Es zeigt sich also in diesem kleinen historischen Abriss, dass die Gründe für die Einführung der Maßgeblichkeit in der praktischen Handhabung und der Vereinfachung lagen. Erstaunlich ist nur, dass die Einführung selten große Beachtung gefunden hat17 und wohl weniger Erwägungen angestellt wurden und eine nicht so große Diskussion stattfand, als dies heute allgemein angenommen wird und dies nun in der Debatte um eine mögliche Reform oder Abschaffung der Fall ist. Weiterhin wurde bereits in frühester Zeit auf ein Kernproblem hingewiesen, dass bis heute ungelöst, den Streit um die Maßgeblichkeit durchdringt18.

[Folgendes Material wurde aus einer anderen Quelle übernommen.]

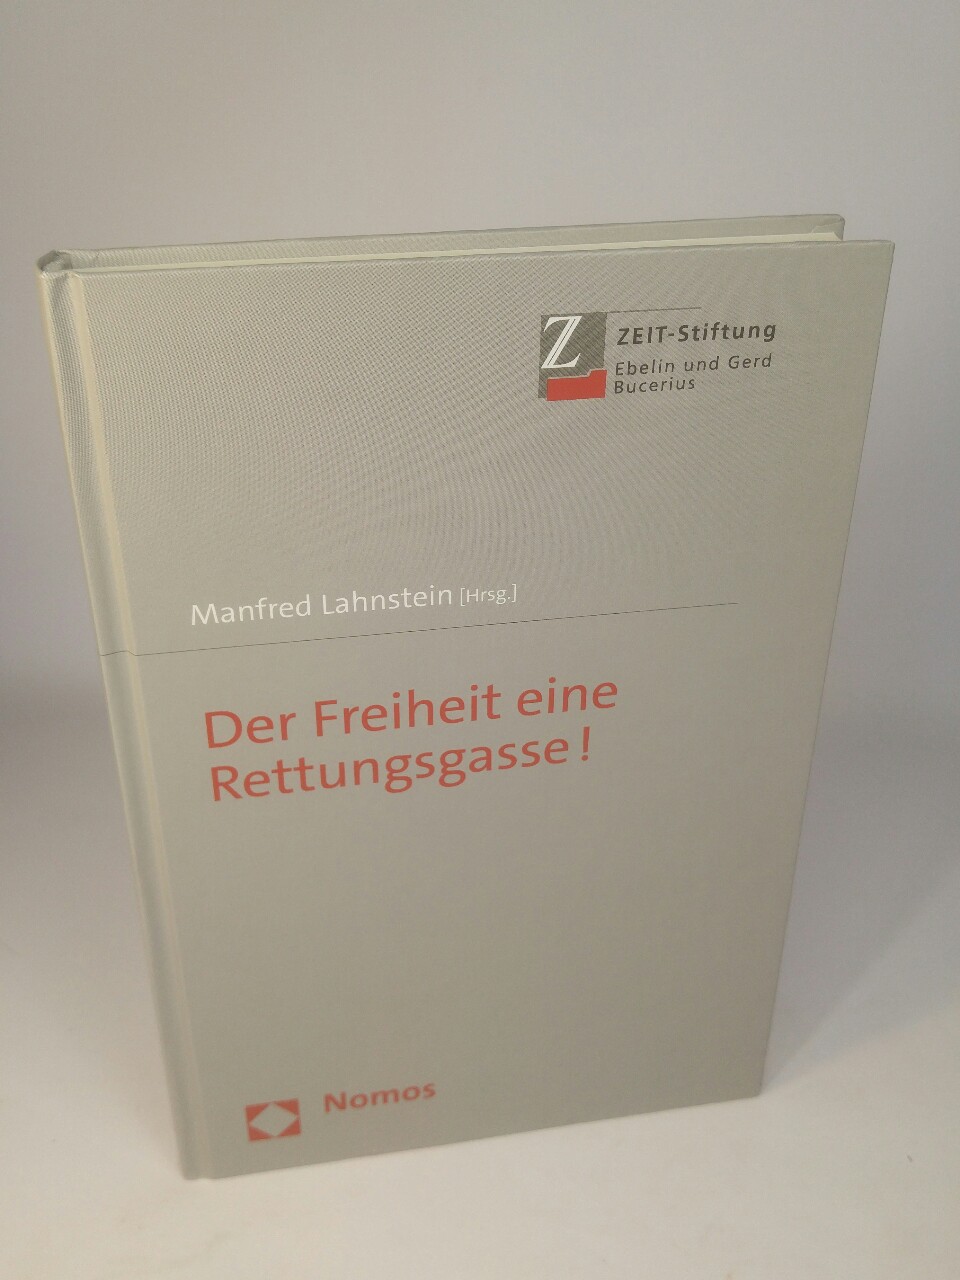 Der Freiheit eine Rettungsgasse!: mit einem Vorwort von Prof. Dr. Burkhard Schwenker. - Lahnstein (Hrsg.), Manfred

II. Grundlagen des Prinzips der Maßgeblichkeit
Dabei sollte zunächst das Prinzip der Maßgeblichkeit einer näheren Betrachtung unterzogen werden. Der persönliche Anwendungsbereich der Maßgeblichkeit liegt bei Gewerbetreibenden i. S. v. § 15 EStG, die buchführungspflichtig sind oder freiwillig Bücher führen19. Sie tritt in mehreren Formen auf20. Zunächst, so unterscheidet man, ergibt sich eine materielle Maßgeblichkeit aus § 5 I 1 EStG. Dieser wurde, bis zum Jahre 1990, die formelle Maßgeblichkeit zur Seite gestellt. Demgegenüber steht seit 1990 die in § 5 I 2 EStG geregelte so genannte „umgekehrte“ Maßgeblichkeit21.
[...]
1 Statt vieler zuletzt: Bohl DB 2004, 2381, 2381.
2 Weber-Grellet BB 1999, 2659, 2659.
3 Schreiber StuW 2002, 105, 107.
4 Etwa: Kort FR 2001, 53 ff.
5 Dazu: Schulze-Osterloh DStJG 14 (1991), 123, 125.
6 Gesetz v. 17.12.1874, Gesetzblatt S. 121.
7 Gesetz v. 22.12.1874, Gesetz- und Verordnungsblatt S. 121.
8 Schreiber StuW 2002, 105, 105.
9 Gesetz v. 07.03.1891, Gesetzessammlung der Freien und Hansestadt Hamburg S. 9.
10 Gesetz v. 24.06.1891, Gesetz-Sammlung für die Königlich Preußischen Staaten S. 175.
11 Gesetz v. 29.03.1920, RGBl. S. 359.
12 Schreiber StuW 2002, 105, 105.
13 Weber-Grellet Bilanzsteuerrecht S. 32; HHR-Stobbe § 5 Rn 71.
14 Alsheimer ZfB 1974, 841, 844.
15 So die Gesetzesbegründung zu dem Bremer EStG und dem preuß. EStG, vgl. Alsheimer ZfB 1974, 841, 844.
16 Verhandlungen der verfassungsgebenden Deutschen Nationalversammlung, Bd. 340, Berlin 1920, Aktenstück Nr. 1624, S. 59.
17 Vgl. Alsheimer ZfB 1974, 841, 843.
18 So wies der Abgeordnete Broemel bereits am 16.02.1891 im Preußischen Landtag anlässlich der zweiten Lesung des Einkommensteuergesetzes auf den bestehenden Zielkonflikt der Handels- und der Steuerbilanz hin; Vgl. Alsheimer ZfB 1974, 841, 845.
19 Schmidt[23]-Weber-Grellet § 5 Rn 7.
20 Vgl. Schmidt[23]-Weber-Grellet § 5 Rn 26.
21 Eingeführt durch Gesetz v. 22.12.1989, BGBl. I, 2408, BStBl. I 505.